Credit: Film Movement

BS: It’s interesting that you mention objectivity, because it’s a curious quality that I feel your filmmaking has. There’s a melancholy to your filmmaking, but it’s viewed from a distance. Is that something you’re conscious of creating during the creative process, this kind of one-step-back melancholy? Is that feeling there on the page in your screenplays, or is it something that only starts to seep into the scene once you have it within your frame?

CH: Yes, it’s precisely the type of mood and feeling that can’t be put into words that was the core motivation for me to make this film. When I was writing the script, it was at the top of my mind. But I was worried about whether those ineffable feelings and moods would come through when the actors started to perform their roles. Thanks to the very strong and talented actors, I saw the scenes and moments slowly emerge and become reality. I’m very thankful for that.

BS: You lived and studied abroad, then returned to Japan. Do you consider your filmmaking to be particularly Japanese in character, or not?

CH: I think Japanese qualities — as the fact that we often don’t say how we feel — are reflected in how my characters don’t express themselves very directly. And they often sit with themselves in the quiet — perhaps that makes it very Japanese.

BS: A common thread across the Japanese cinema that succeeds on the festival circuit is that many contemporary Japanese directors are particularly good at directing children and capturing their stories.

CH: I think that Hirokazu Kore-eda has had such a great influence on people’s perception of Japanese cinema. I’ve heard a lot of people note that there seem to be a lot of films depicting children in Japanese cinema. I think it’s because of his influence.

BS: Your filmmaking demonstrates that you possess similar qualities to Kore-eda, in that you have a sensitivity and empathy in how you work with your child actors.

CH: I’m very glad to hear that, because I’ve been watching Kore-eda’s films since I was in high school. He’s someone who I very much admire and respect.
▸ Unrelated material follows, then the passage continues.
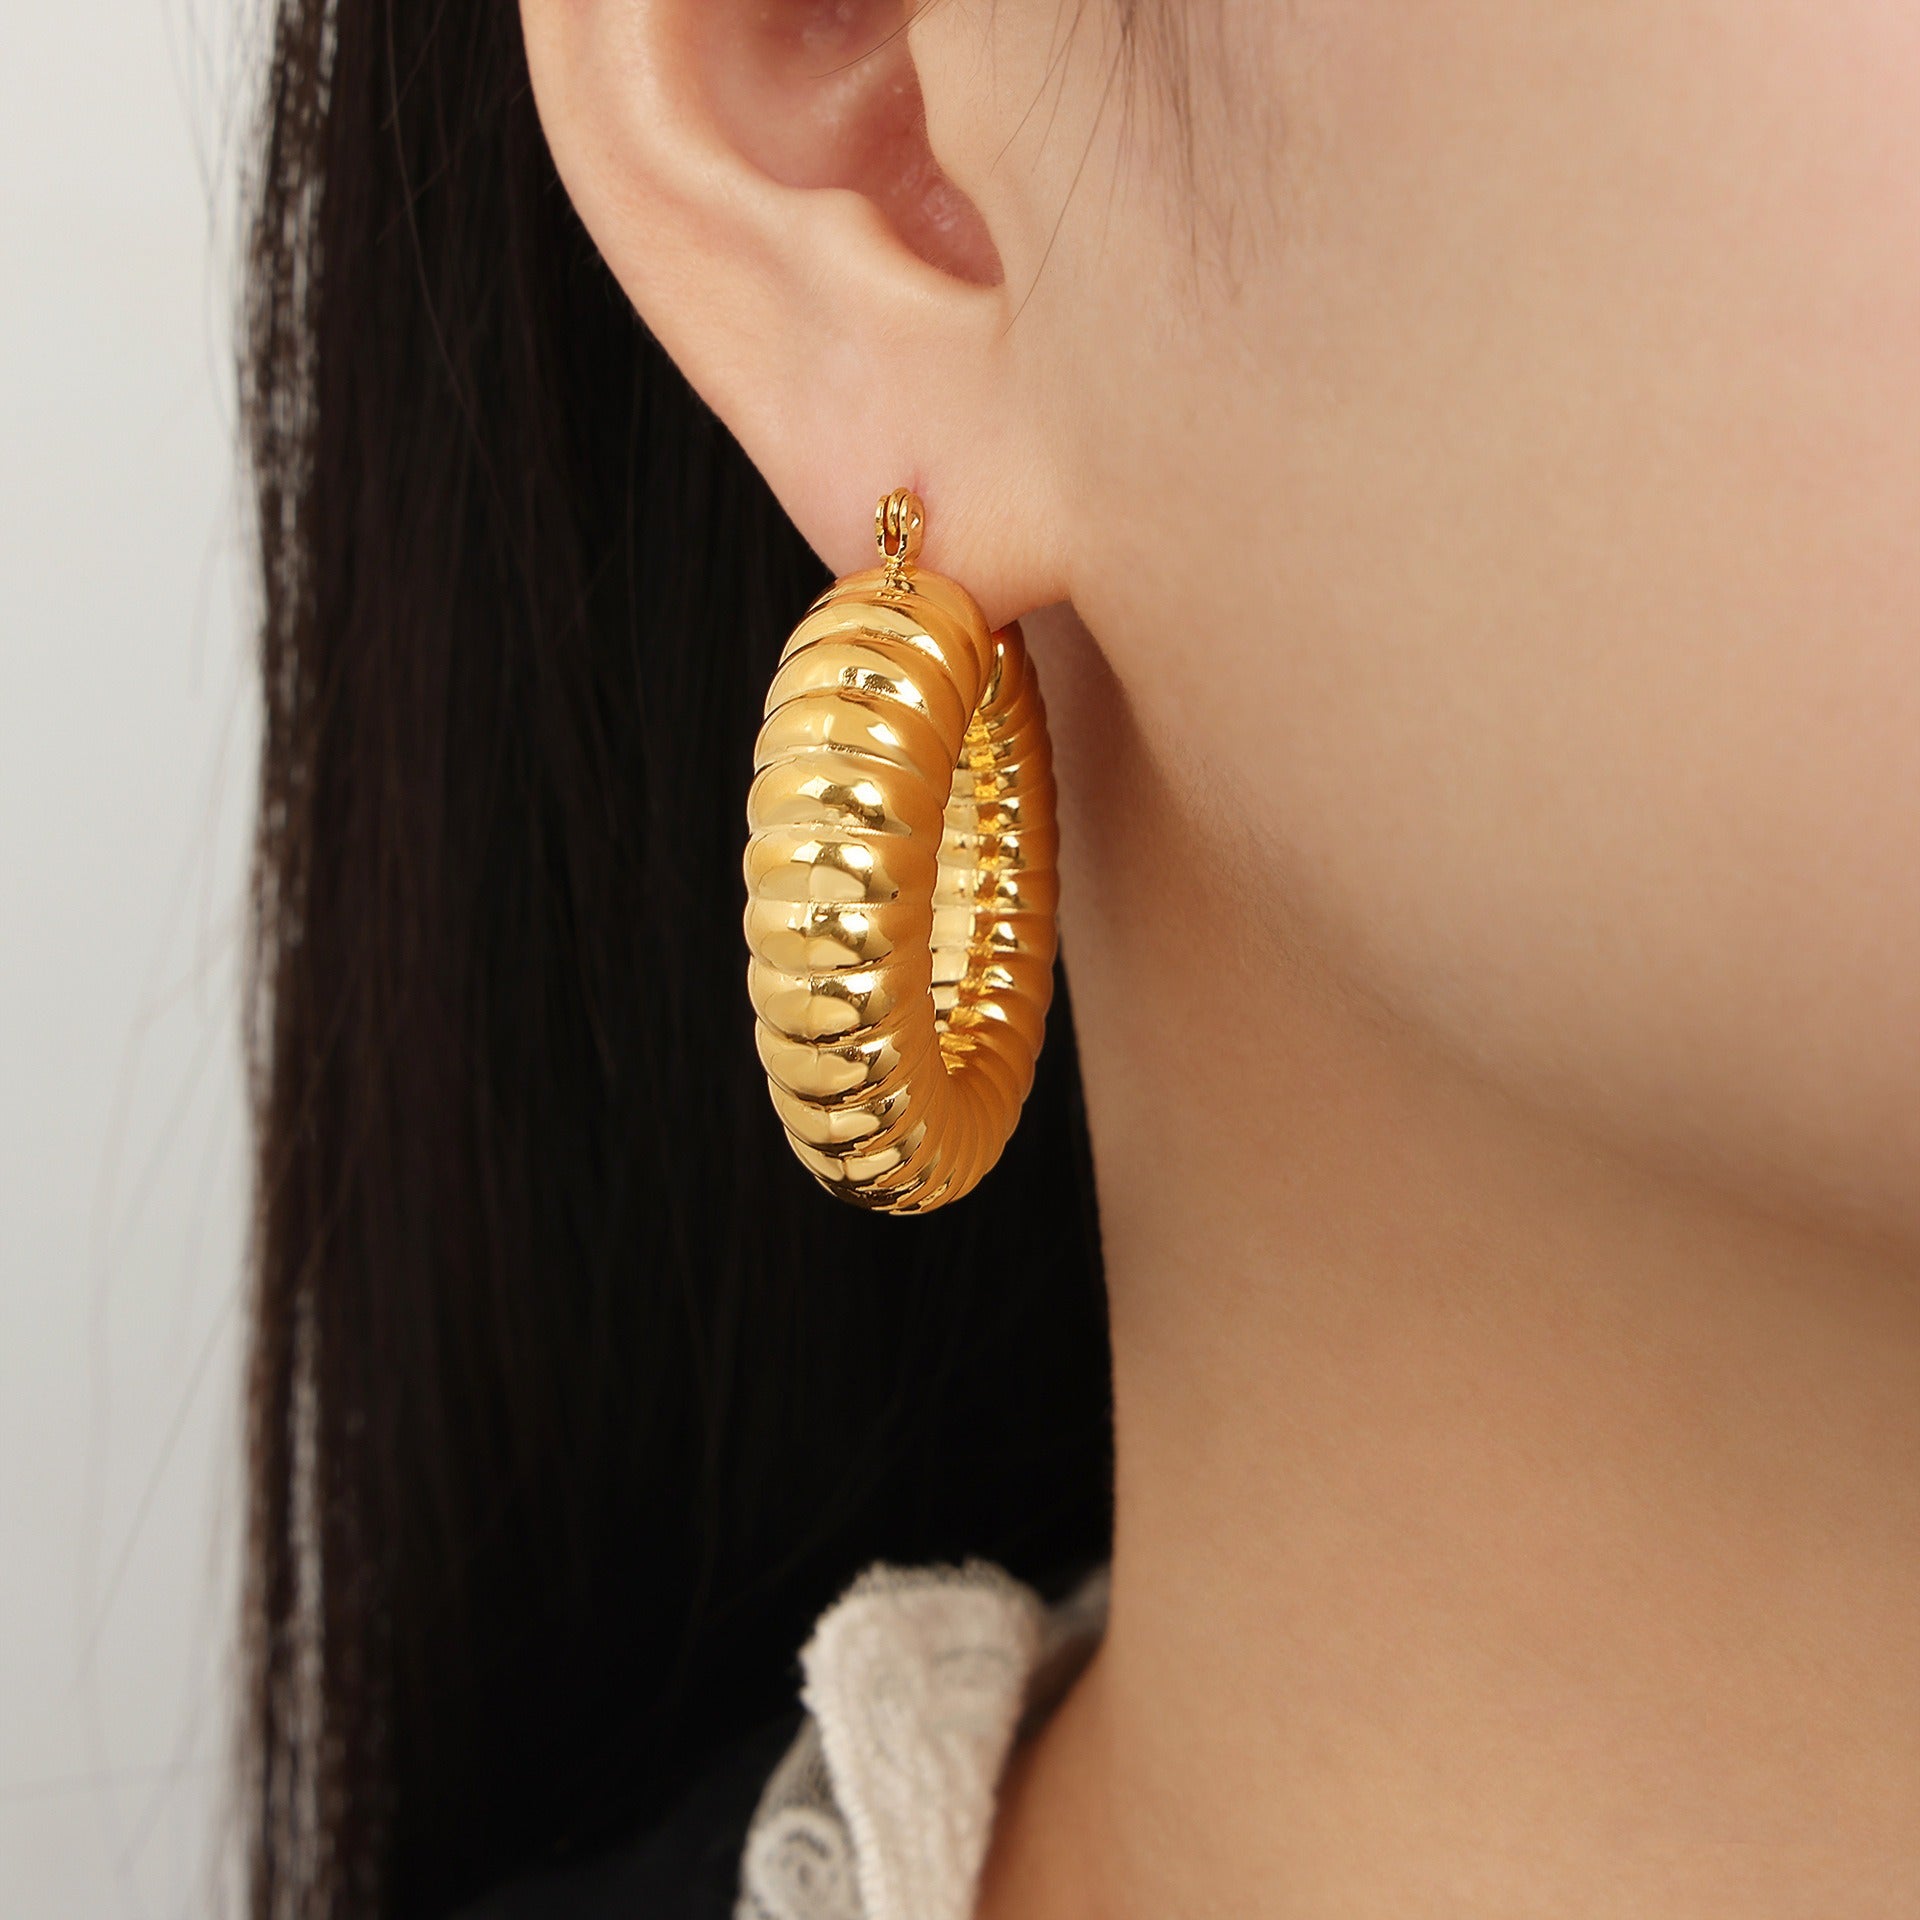 18K gold round earrings with twist design - JuVons

BS: I’m delighted, of course, that Renoir is now receiving a U.S. release from Film Movement. Here in the UK, where I’m calling you from, there’s still no sign of a release for the film. And that leads me to think about how unclassifiable and unusual this film is — I mean that in a good way. When you were developing the project, did you have a sense that you were working on something that might be straightforwardly saleable and marketable, or was it more that you felt that it might be an uphill struggle, but that this was the film that you wanted to make?

CH: I made this film thinking that it would be very hard for it to be commercially successful. It’s precisely because Plan 75 was successful that I was able to make this one as a second film. I think it would have been very hard to make this as a first feature. And I knew that, if I let this moment pass, I may not ever get a chance to make this film.

BS: I’m glad you took that chance. Emotion is heavily embedded into this film, and I feel like our discussion has reflected that. Is there a specific feeling that you want to leave your audience with when they walk away from having watched Renoir?

CH: For adult audiences, I hope that they reconnect with long-forgotten feelings of being a child. And for audiences that are children, I hope that they see that there are people who understand how they feel, and that it becomes a way for them to discover themselves.

BS: Beautiful. It fascinates me that you say “audiences who are children” when there’s a lot in this film that isn’t necessarily appropriate for children. Nonetheless, you want children to see this film. I guess the world isn’t necessarily appropriate for children, right?

CH: Yes, I think that some people might say that it would be too soon for a child to see a film with these kinds of themes, but that’s precisely why I want children to see it. I think about how kids often feel like they are misunderstood by others, that no one understands them. And there are also so many things that they don’t realize about their experiences, and they carry a kind of loneliness because of that. That’s precisely why I would love for children to be able to see this film, and for its themes to touch them in some way.